# Political Correctness



## SouthernBoy (Jun 27, 2007)

A friend sent me an email which contained this little tidbit. Thought it had merit for most any website.

*"Political Correctness is a doctrine, recently [sic] fostered by a delusional, illogical minority and promoted by a sick mainstream media, which holds forth the proposition that it is entirely possible to pick up a piece of shit by the clean end!"*

About 25 years ago, I posted a sign on the outside of my cubicle that said "Warning: Political Correctness not spoken or practiced in this area". Sometime later a female homosexual, with whom I had a friendly work association, must have had a bad day with her girlfriend and torn down my sign saying as she did this that, "Politically incorrect people should be shot". So much for non-judgemental inclusiveness.

I told my team lead what had happened and the next day most of the people in my group had posted my sign on the outside of their cubicles as a way to shove it up her a--. Actions have consequences.


----------



## desertman (Aug 29, 2013)

SouthernBoy:


> "Political Correctness is a doctrine, recently [sic] fostered by a delusional, illogical minority and promoted by a sick mainstream media, which holds forth the proposition that it is entirely possible to pick up a piece of shit by the clean end!"


That's great! I'll have to remember that.


----------



## Goldwing (Nov 5, 2014)

Anyone who feels that they are somehow protected from the chronically politically incorrect, blunt, call 'em like you see 'em guys like me are going to be disappointed.
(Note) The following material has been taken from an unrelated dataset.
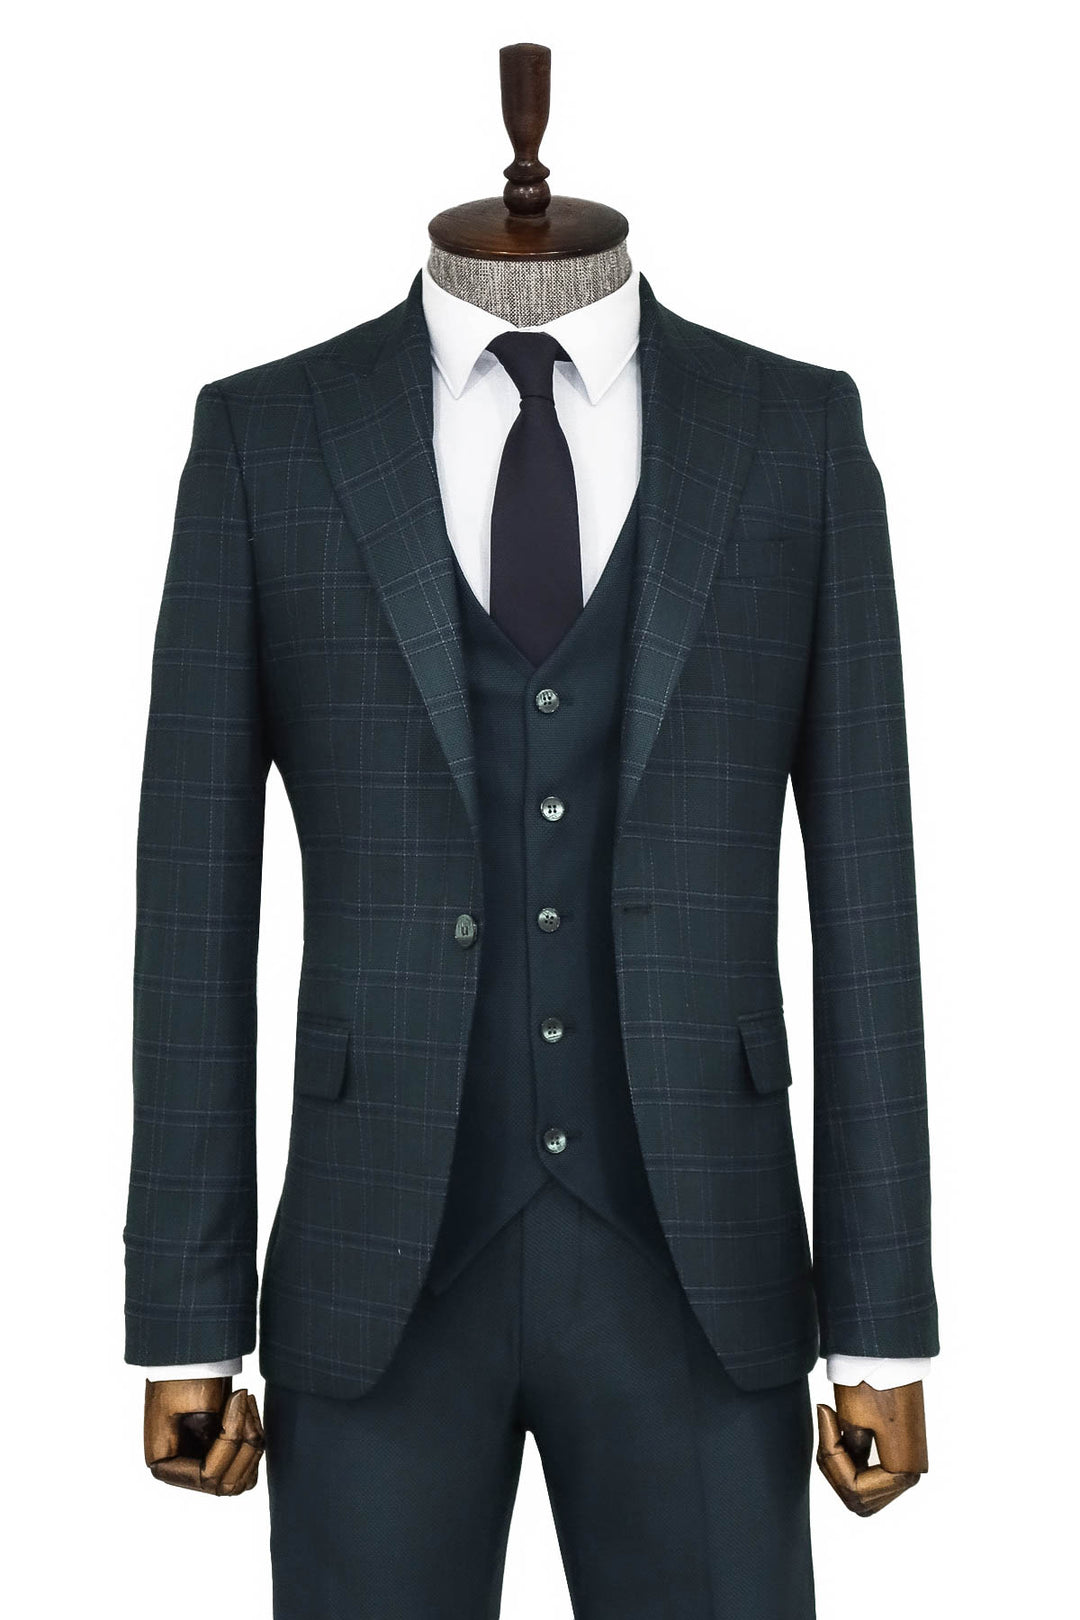 Checked Slim Fit Green Men Suit and Shirt Combination - Wessi

If you are uncomfortable with that, maybe you should ignore me!

GW


----------



## SailDesign (Jul 17, 2014)

goldwing said:


> Anyone who feels that they are somehow protected from the chronically politically incorrect, blunt, call 'em like you see 'em guys like me are going to be disappointed. If you are uncomfortable with that, maybe you should ignore me!
> 
> GW


Tried that (but not for those reasons) - didn't work for long.


----------



## Goldwing (Nov 5, 2014)

SailDesign said:


> Tried that (but not for those reasons) - didn't work for long.


Maybe you should reread my post. Reading is fundamental!

GW


----------



## Cait43 (Apr 4, 2013)

​


----------



## SouthernBoy (Jun 27, 2007)

desertman said:


> SouthernBoy:
> 
> That's great! I'll have to remember that.


Yeah I really it, too. I like to rattle the cranial cavities of the politically correct crowd from time to time. Makes them crazy, makes me happy.


----------



## SouthernBoy (Jun 27, 2007)

Cait43 said:


> View attachment 1244
> 
> 
> View attachment 1245​


Good ones, and so true.


----------



## hillman (Jul 27, 2014)

SouthernBoy said:


> A friend sent me an email which contained this little tidbit. Thought it had merit for most any website.
> 
> *"Political Correctness is a doctrine, recently [sic] fostered by a delusional, illogical minority and promoted by a sick mainstream media, which holds forth the proposition that it is entirely possible to pick up a piece of shit by the clean end!"*
> [amusing anecdote removed]


Excellent statement. It does, of course, cover only a part of the PC fallacy (the never saying 'shit' part).

I am a member of several boards; one of them (a classical music board) has a ban on plain speaking. When I feel the necessity, I attempt to get around the ban by employing circumlocution. The mods are onto me now...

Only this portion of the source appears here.